Pacific Circuit by Alexis Madrigal (MCD)
The Oakland, Calif.–based contributing writer for the Atlantic digs deep into the recent history of a city long under-appreciated and under-served that has undergone head-turning changes throughout the rise of Silicon Valley. —JHM
Barbara by Joni Murphy (Astra)
Described as "Oppenheimer by way of Lucia Berlin," Murphy's character study follows the titular starlet as she navigates the twinned convulsions of Hollywood and history in the Atomic Age.
Sister Sinner by Claire Hoffman (FSG)
This biography of the fascinating Aimee Semple McPherson, America's most famous evangelist, takes religion, fame, and power as its subjects alongside McPherson, whose life was suffused with mystery and scandal. —SMS
Trauma Plot by Jamie Hood (Pantheon)
In this bold and layered memoir, Hood confronts three decades of sexual violence and searches for truth among the wreckage.
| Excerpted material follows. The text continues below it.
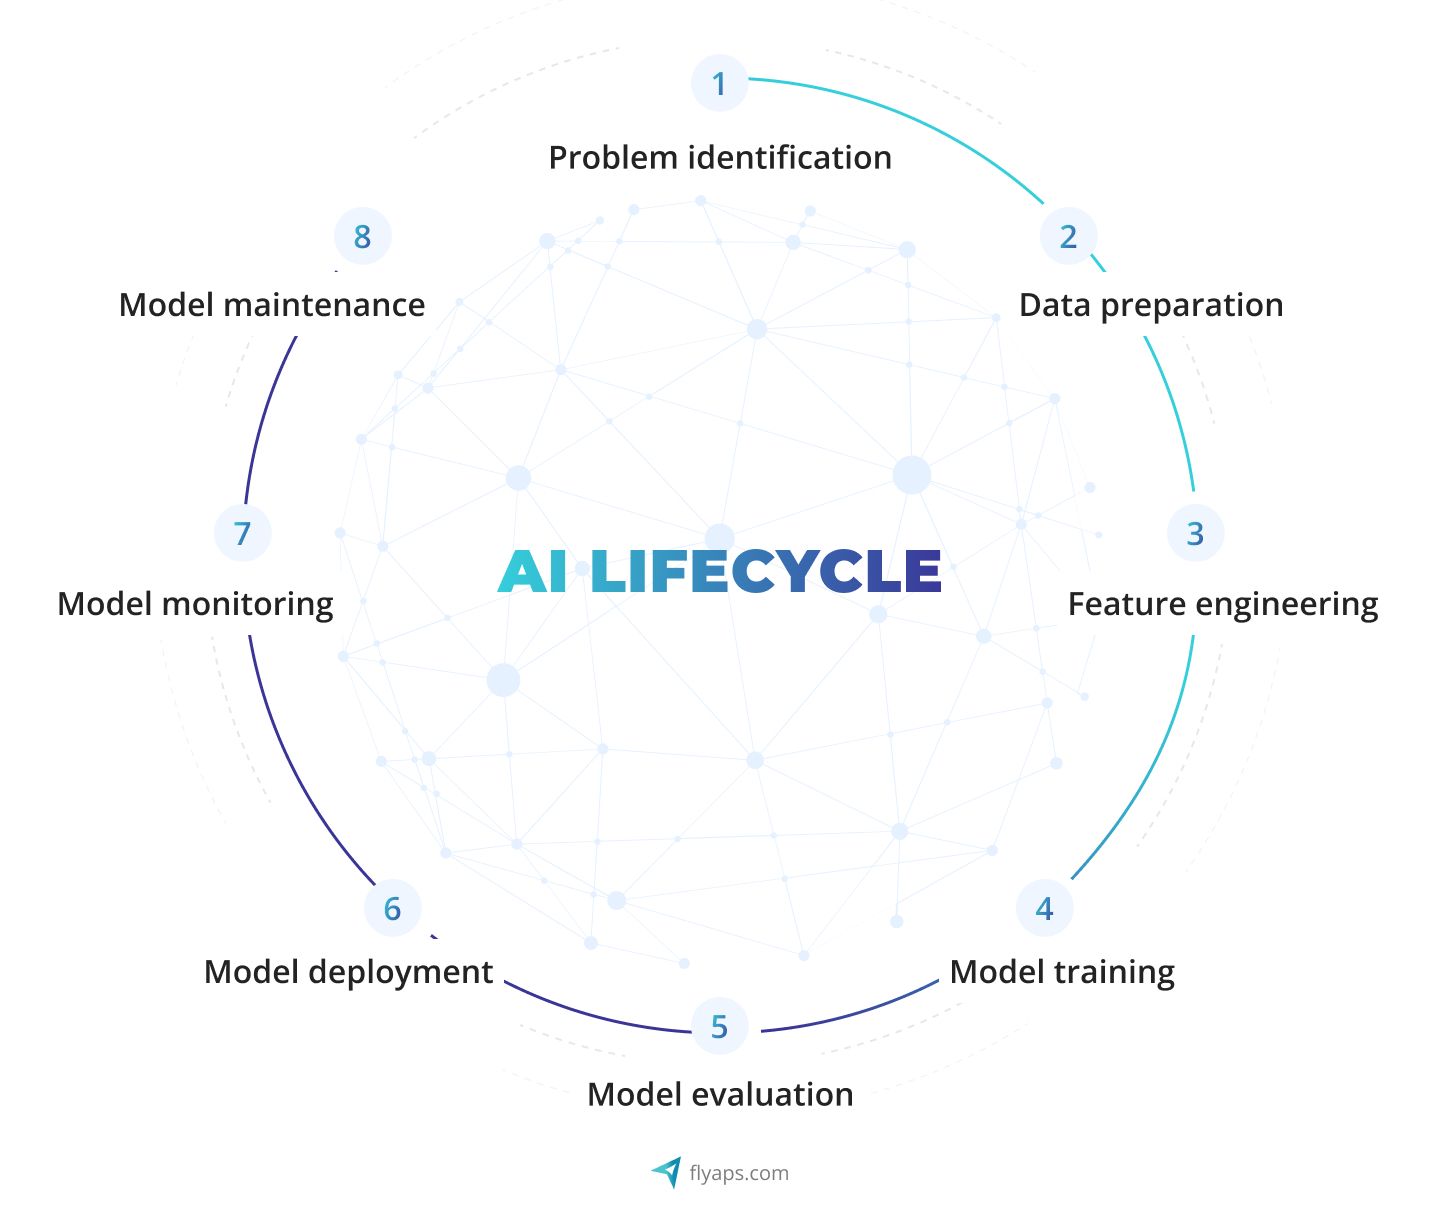 The key stages of the AI project cycle

Kate Zambreno calls Trauma Plot the work of "an American Annie Ernaux." —SMS
Hey You Assholes by Kyle Seibel (Clash)
Seibel’s debut story collection ranges widely from the down-and-out to the downright bizarre as he examines with heart and empathy the strife and struggle of his characters. —MJS
James Baldwin by Magdalena J. Zaborowska (Yale UP)
Zaborowska examines Baldwin's unpublished papers and his material legacy (e.g. his home in France) to probe about the great writer's life and work, as well as the emergence of the "Black queer humanism" that Baldwin espoused. —CK
Stop Me If You've Heard This One by Kristen Arnett (Riverhead)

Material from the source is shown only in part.